I think this code is easy to read, the order of things are easy to follow — and represents the order of dependencies really nicely. Going backwards:
1. server -> it needs config,logger, and router
2. router -> it needs config, logger, and NoteService
3. service -> it needs our db
4. db -> it needs config and logger
5. logger -> it needs config
6. config
Also we can see that non of the inner layers are dependent on the outer layers, so dependency inversion principle stands STRONG!
Service layer
I wanted to introduce a service layer into the application not because my brain is filled with over-engineered clean architecture Go repos, but because the DB operations are performed whenever an HTTP handler function is being called. If we did NOT have this service layer, then it would be the handlers’ responsibility to interact with the DB, which is not a good design. A handler function in my opinion should be only responsible for processing the request (unmarshaling, error checking, validating, etc.), interacting with the service layer, and sending back a response to the client (separation of duties).
note.go
package note
import (
"context"
"database/sql"
"errors"
"time"
db "github.com/adykaaa/online-notes/db/sqlc"
"github.com/google/uuid"
"github.com/lib/pq"
)
var (
ErrAlreadyExists = errors.New("note already exists")

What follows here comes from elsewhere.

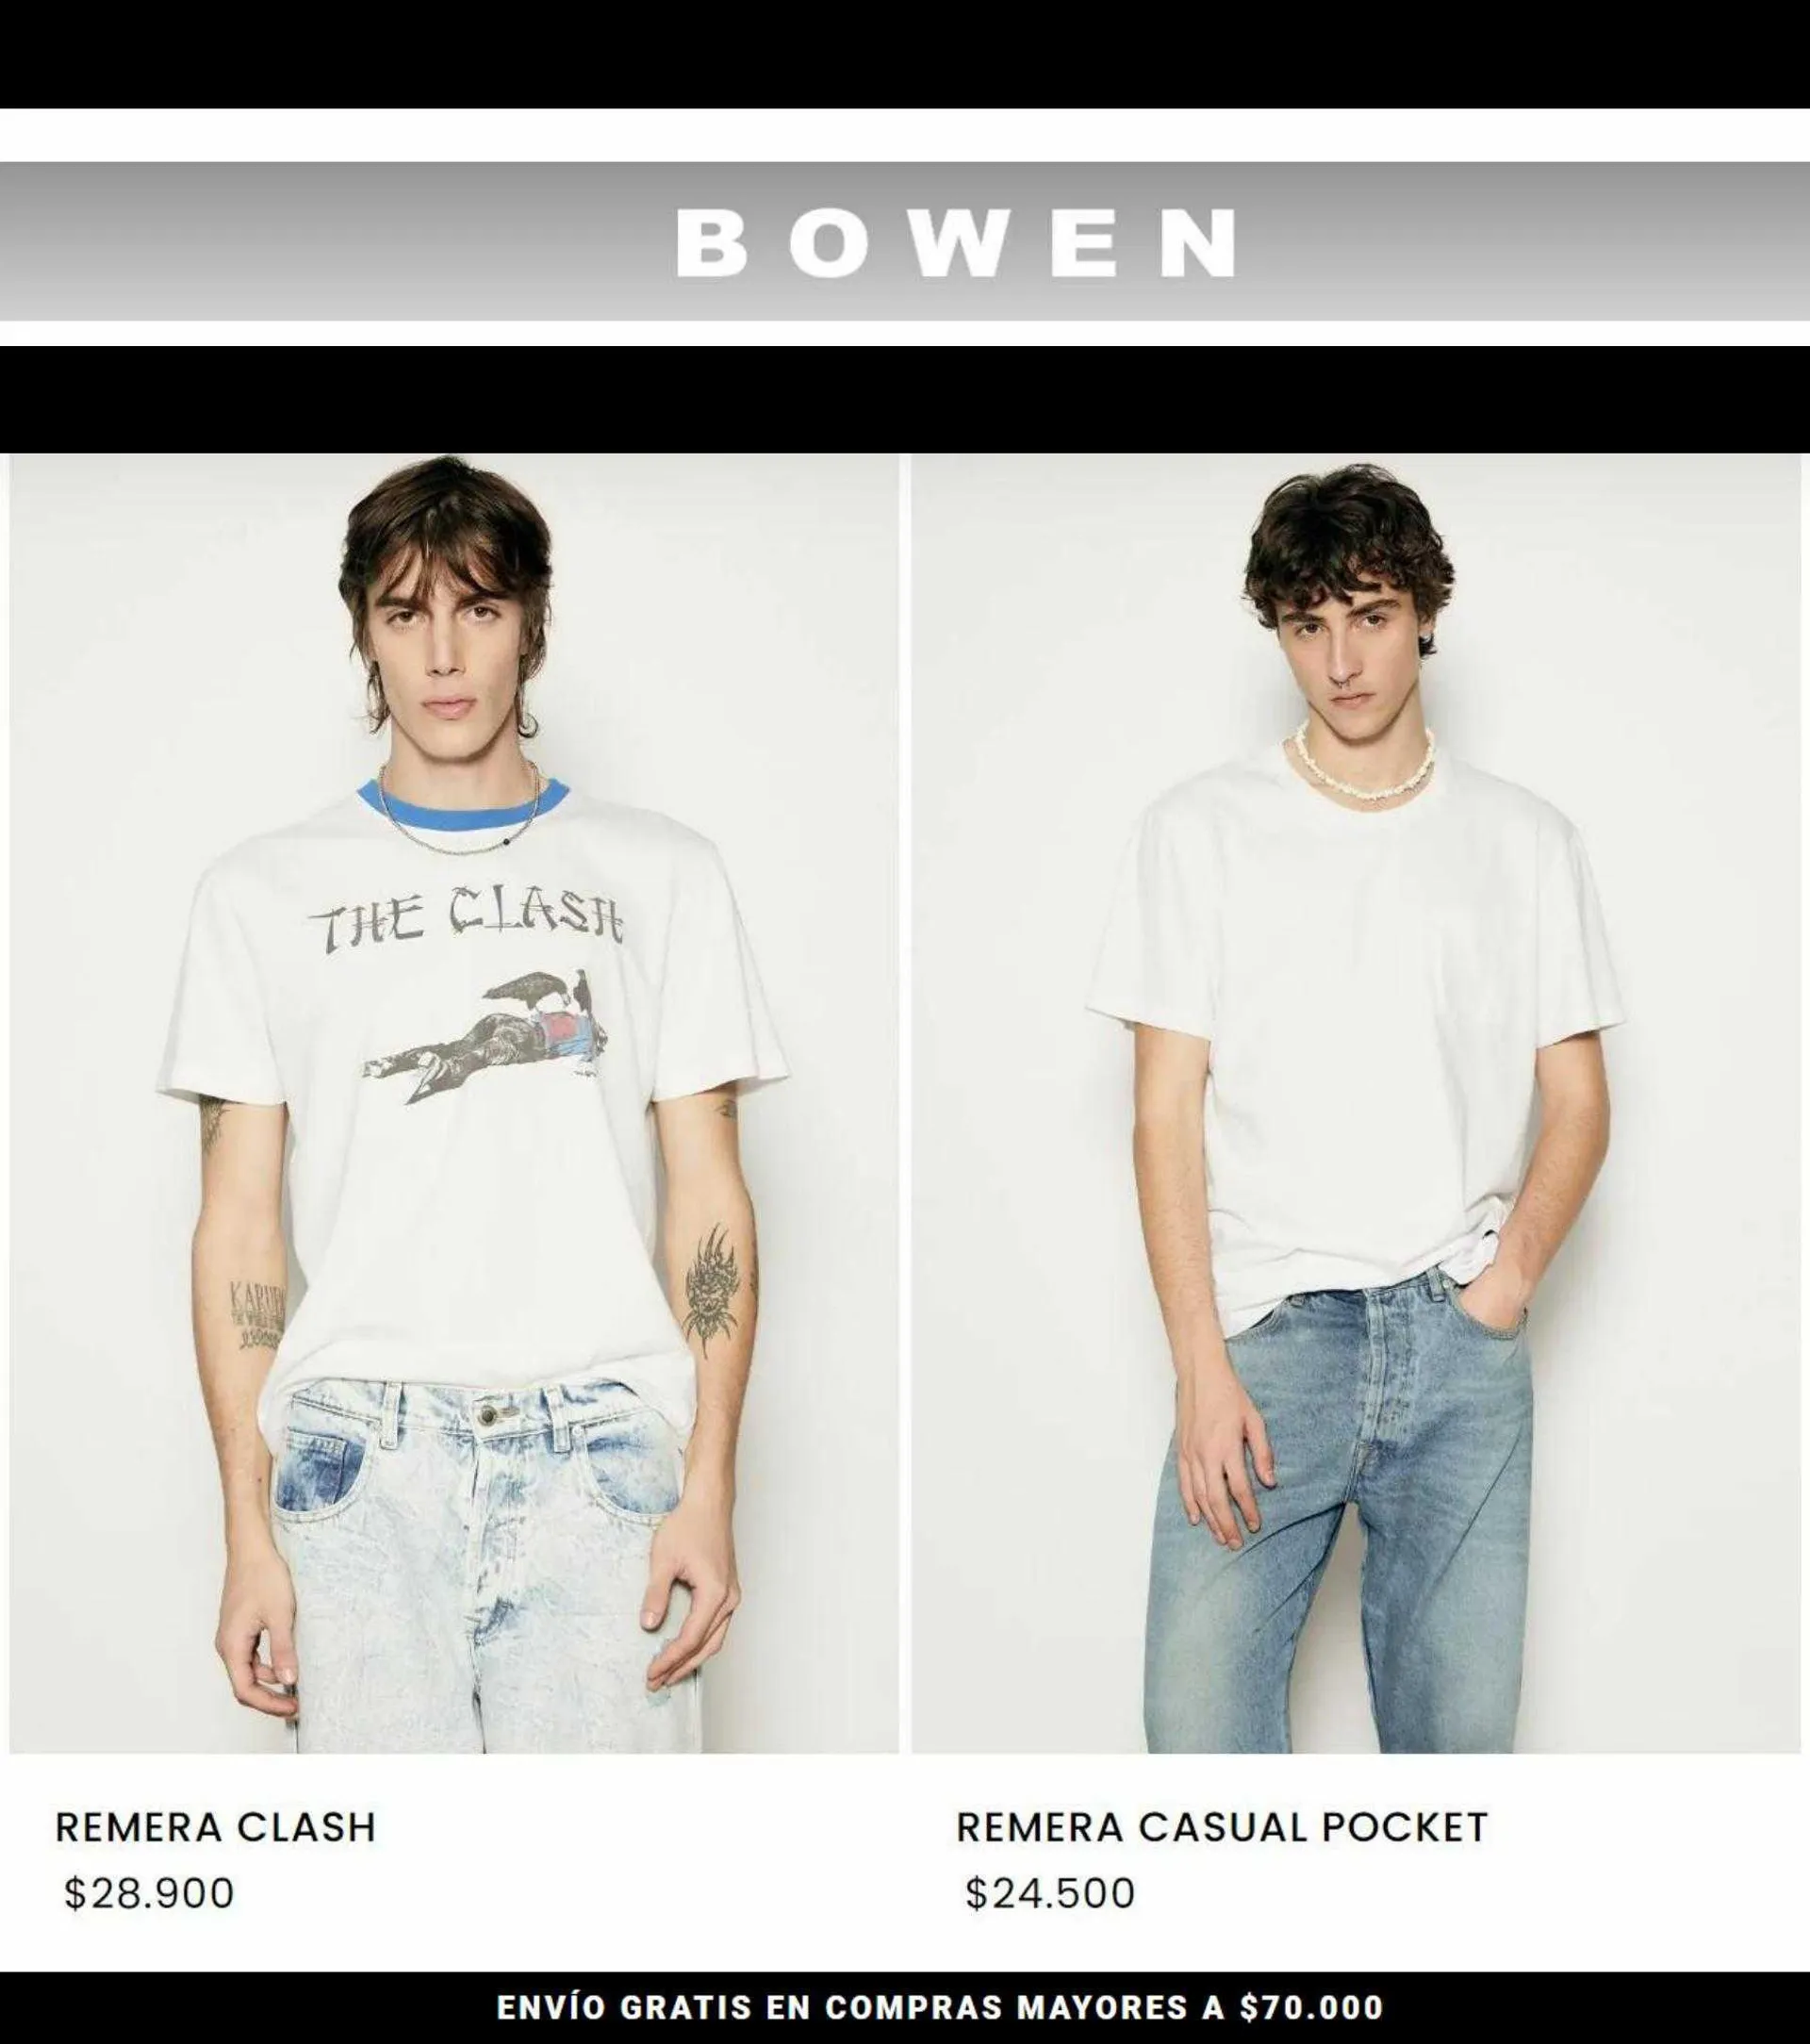 Catálogo Bowen - 1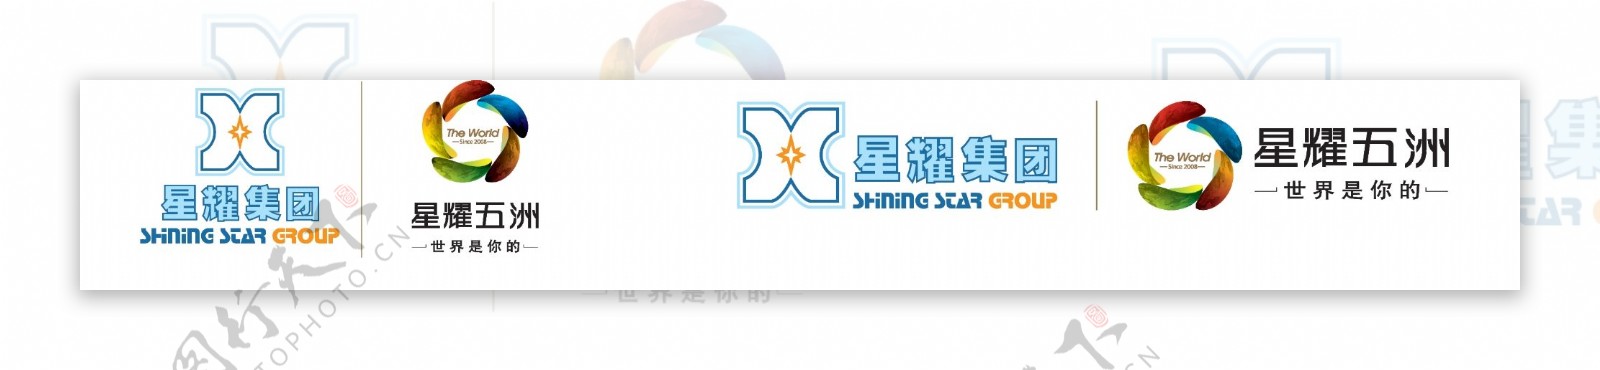 星耀五洲logo图片

ErrDBInternal = errors.New("internal DB error during operation")
ErrNotFound = errors.New("requested note is not found")
ErrUserAlreadyExists = errors.New("note already exists")
ErrUserNotFound = errors.New("requested note is not found")
)
type service struct {
q db.Querier
}
func NewService(q db.Querier) *service {
return &service{q}
}
func (s *service) RegisterUser(ctx context.Context, args *db.RegisterUserParams) (string, error) {
uname, err := s.q.RegisterUser(ctx, args)
switch {
case err != nil:
if err.(*pq.Error).Code.Name() == "unique_violation" {
return "", ErrUserAlreadyExists
}
return "", ErrDBInternal
default:
return uname, nil
}
}
func (s *service) GetUser(ctx context.Context, username string) (db.User, error) {
user, err := s.q.GetUser(ctx, username)
switch {
case errors.Is(err, sql.ErrNoRows):
return db.User{}, ErrUserNotFound
case err != nil:
return db.User{}, ErrDBInternal
default:
return user, nil
}
}
func (s *service) CreateNote(ctx context.Context, title string, username string, text string) (uuid.UUID, error) {
retID, err := s.q.CreateNote(ctx, &db.CreateNoteParams{
ID: uuid.New(),
Title: title,
Username: username,
Text: sql.NullString{String: text, Valid: true},
CreatedAt: time.Now(),
UpdatedAt: time.Now(),
})
switch {
case err != nil:
if err.(*pq.Error).Code.Name() == "unique_violation" {
return uuid.Nil, ErrAlreadyExists
}
return uuid.Nil, ErrDBInternal
default:
return retID, nil
}
}
func (s *service) GetAllNotesFromUser(ctx context.Context, username string) ([]db.Note, error) {
notes, err := s.q.GetAllNotesFromUser(ctx, username)
if err != nil {
return nil, ErrDBInternal
}
return notes, nil
}
func (s *service) DeleteNote(ctx context.Context, reqID uuid.UUID) (uuid.UUID, error) {
id, err := s.q.DeleteNote(ctx, reqID)
switch {
case errors.Is(err, sql.ErrNoRows):
return uuid.Nil, ErrNotFound
case err != nil:
return uuid.Nil, ErrDBInternal
default:
return id, nil
}
}
func (s *service) UpdateNote(ctx context.Context, reqID uuid.UUID, title string, text string, isTextValid bool) (uuid.UUID, error) {
id, err := s.q.UpdateNote(ctx, &db.UpdateNoteParams{
ID: reqID,
Title: sql.NullString{String: title, Valid: true},
Text: sql.NullString{String: text, Valid: isTextValid},
UpdatedAt: sql.NullTime{Time: time.Now(), Valid: true},
})
switch {
case errors.Is(err, sql.ErrNoRows):
return uuid.Nil, ErrNotFound
case err != nil:
return uuid.Nil, ErrDBInternal
default:
return id, nil
}
}As you can see, the service layer has its own errors — which are exported so they can be used in packages depending on the service, and the service struct has the Querier interface inside it (repository pattern), which looks something like this (it was generated by SQLC because of an option I supplied — more on this later. This interface is really important to have for abstraction — and for mocking as well):
// Code generated by sqlc. DO NOT EDIT.
// versions:
// sqlc v1.16.0
package db
import (
"context"
"github.com/google/uuid"
)
type Querier interface {
CreateNote(ctx context.Context, arg *CreateNoteParams) (uuid.UUID, error)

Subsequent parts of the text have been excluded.